§ Given information:
__________

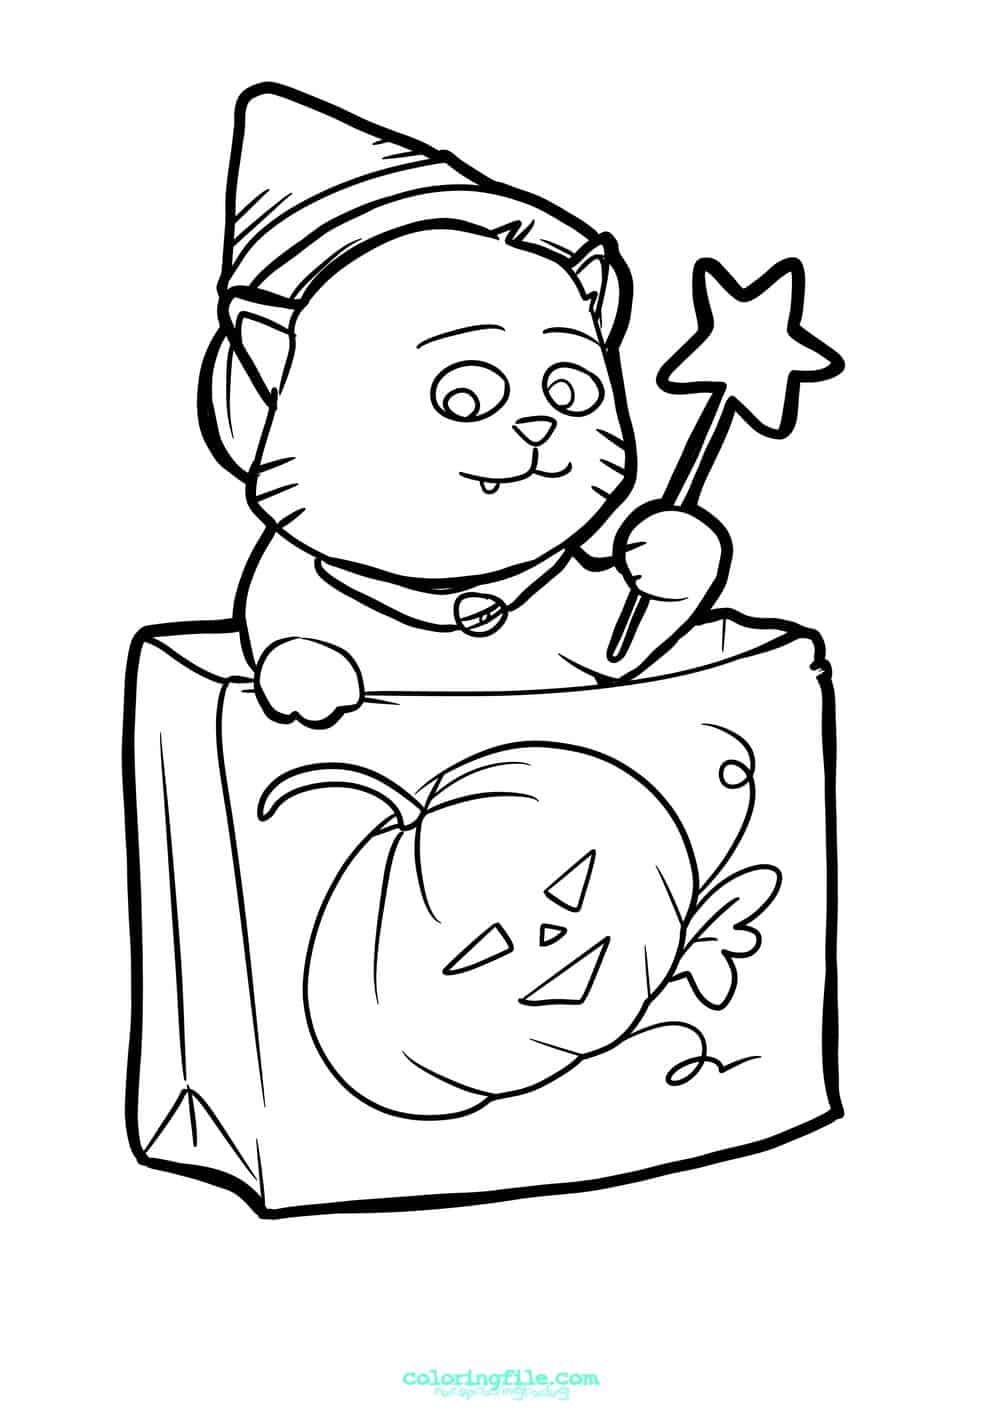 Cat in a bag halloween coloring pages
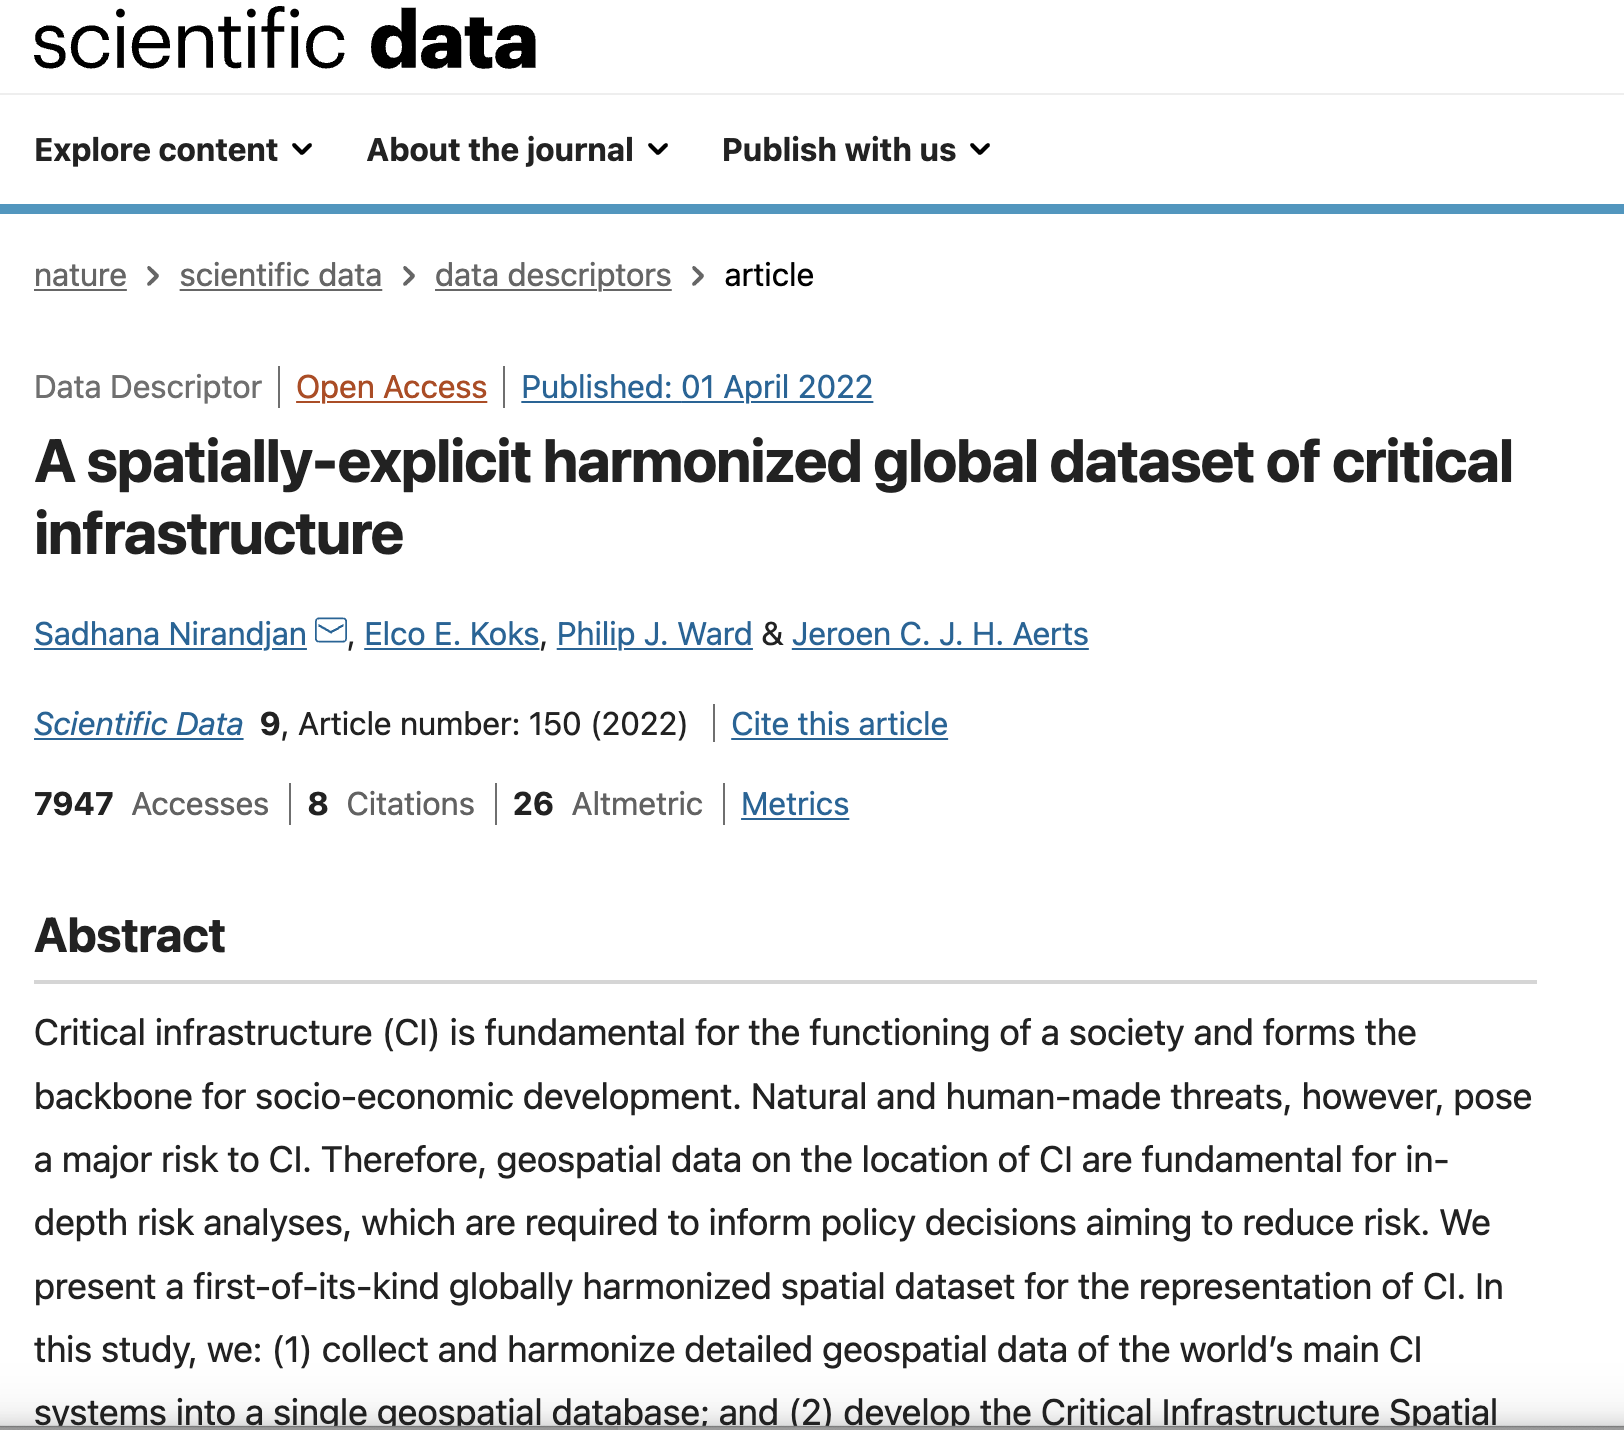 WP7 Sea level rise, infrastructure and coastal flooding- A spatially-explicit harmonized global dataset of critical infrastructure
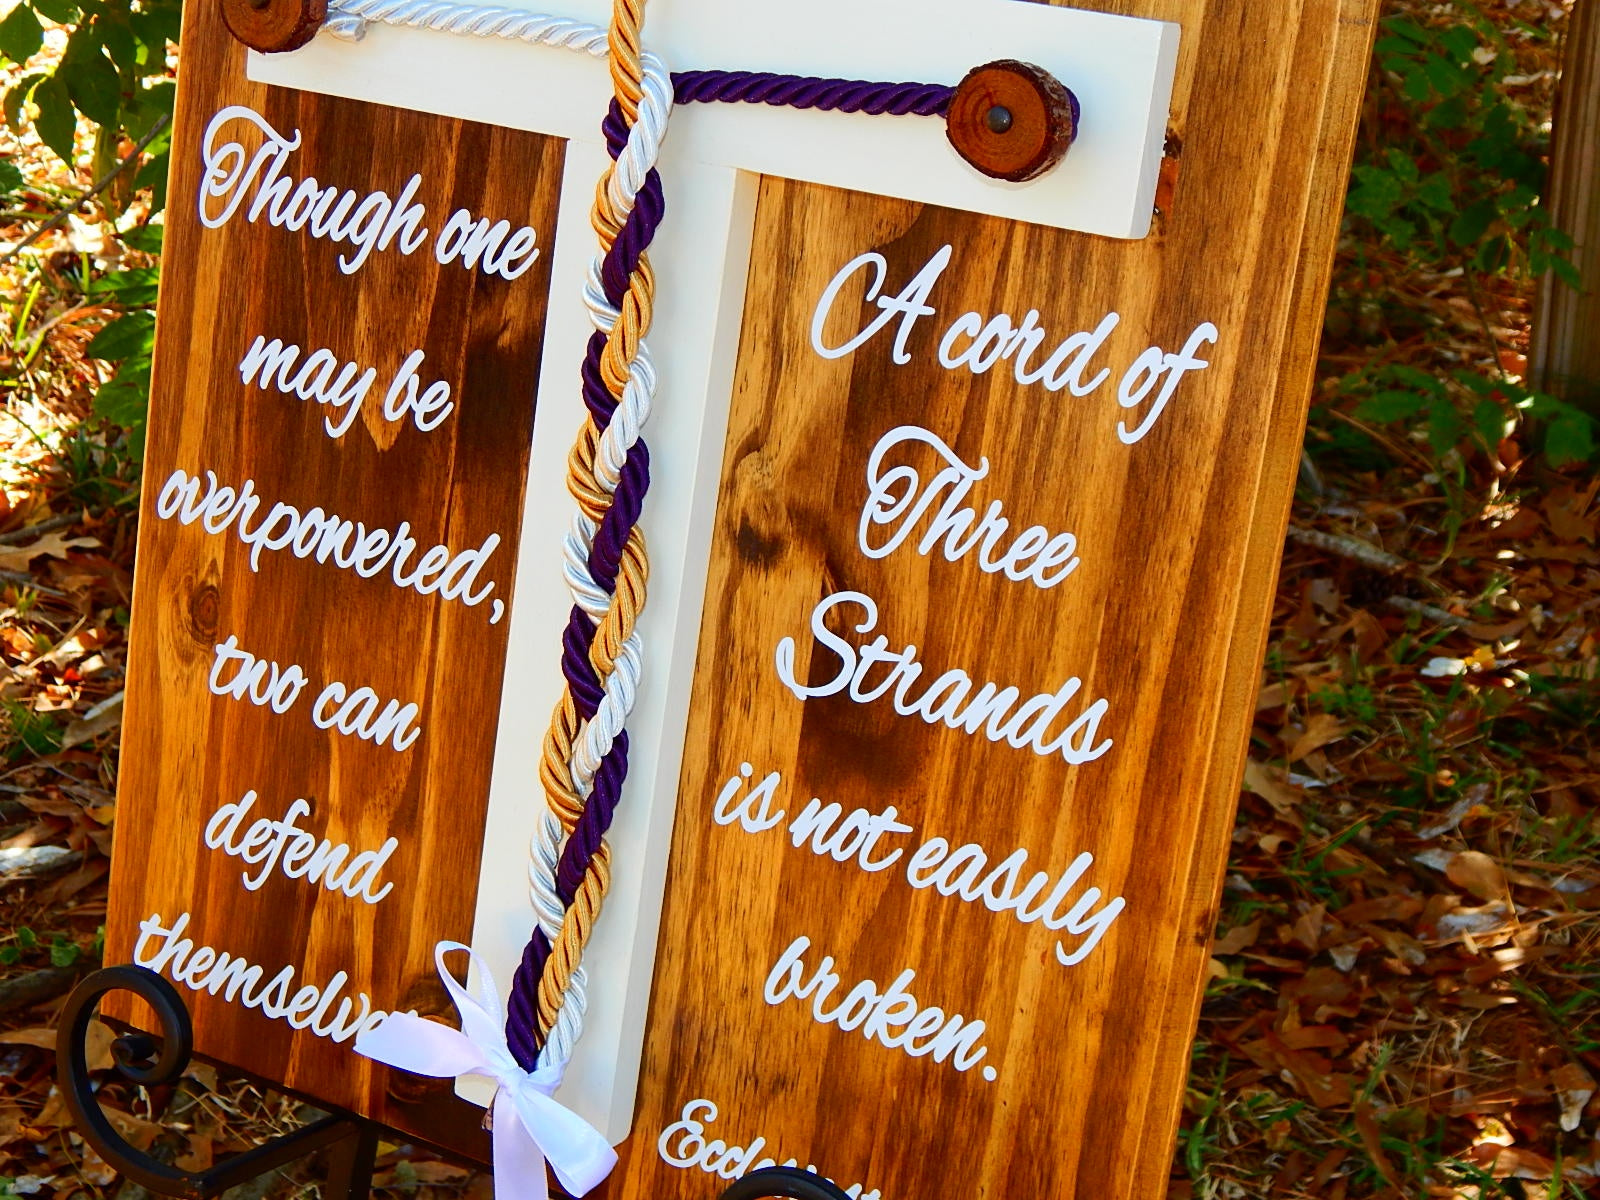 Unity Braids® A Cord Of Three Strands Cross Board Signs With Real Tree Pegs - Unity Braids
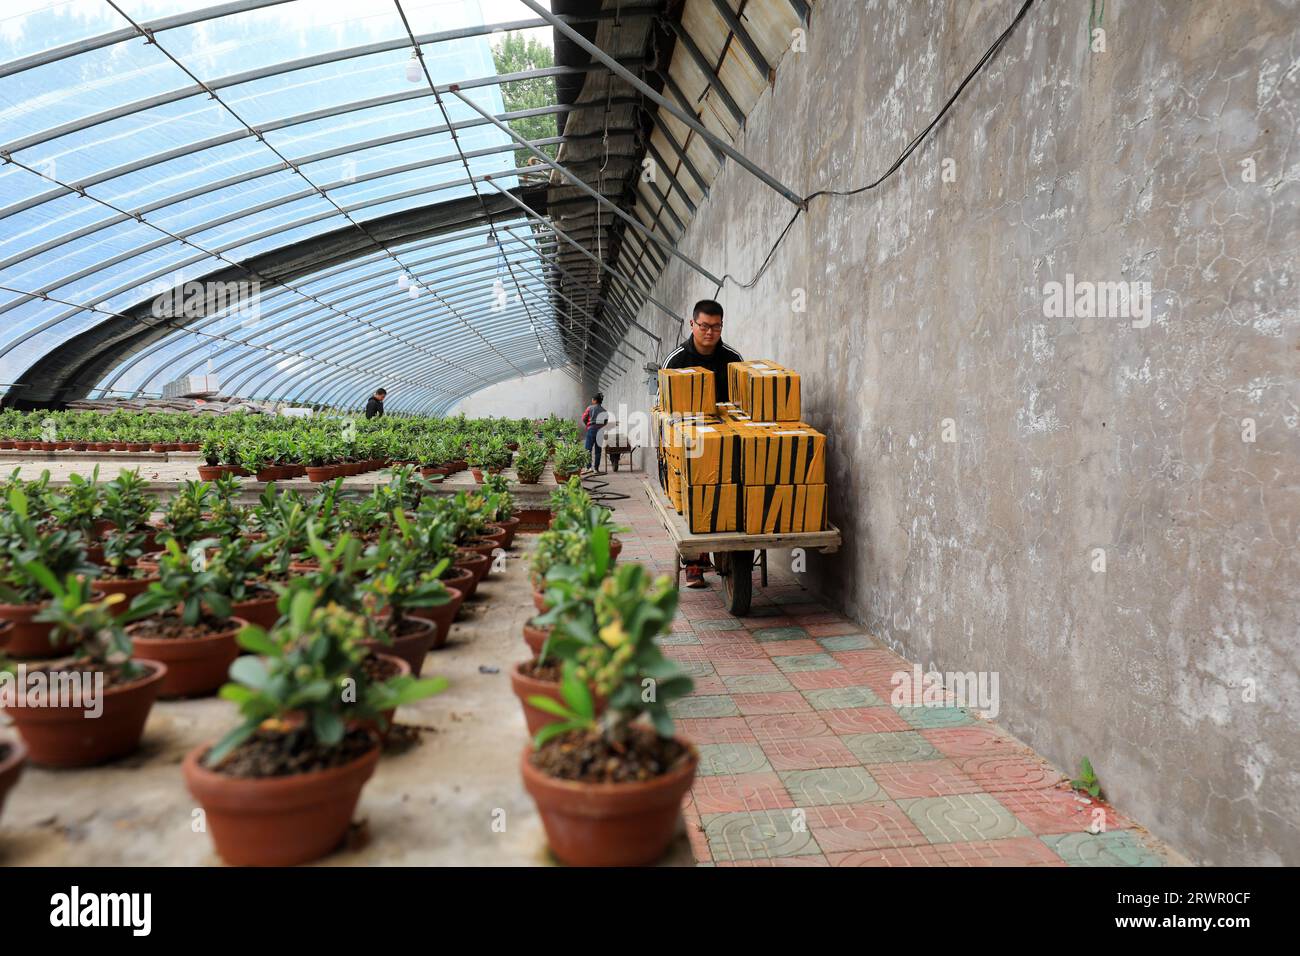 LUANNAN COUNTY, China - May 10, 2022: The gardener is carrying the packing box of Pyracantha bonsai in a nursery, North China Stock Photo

__________

§ Action item: Return exactly the stretch above whose first line contains "WP7 Sea level" and whose last line contains "Unity Braids® A", and nothing outside it. The pictures should not appear.

§ Result for this exercise:
 WP7 Sea level rise, infrastructure and coastal flooding- A spatially-explicit harmonized global dataset of critical infrastructure
 Unity Braids® A Cord Of Three Strands Cross Board Signs With Real Tree Pegs - Unity Braids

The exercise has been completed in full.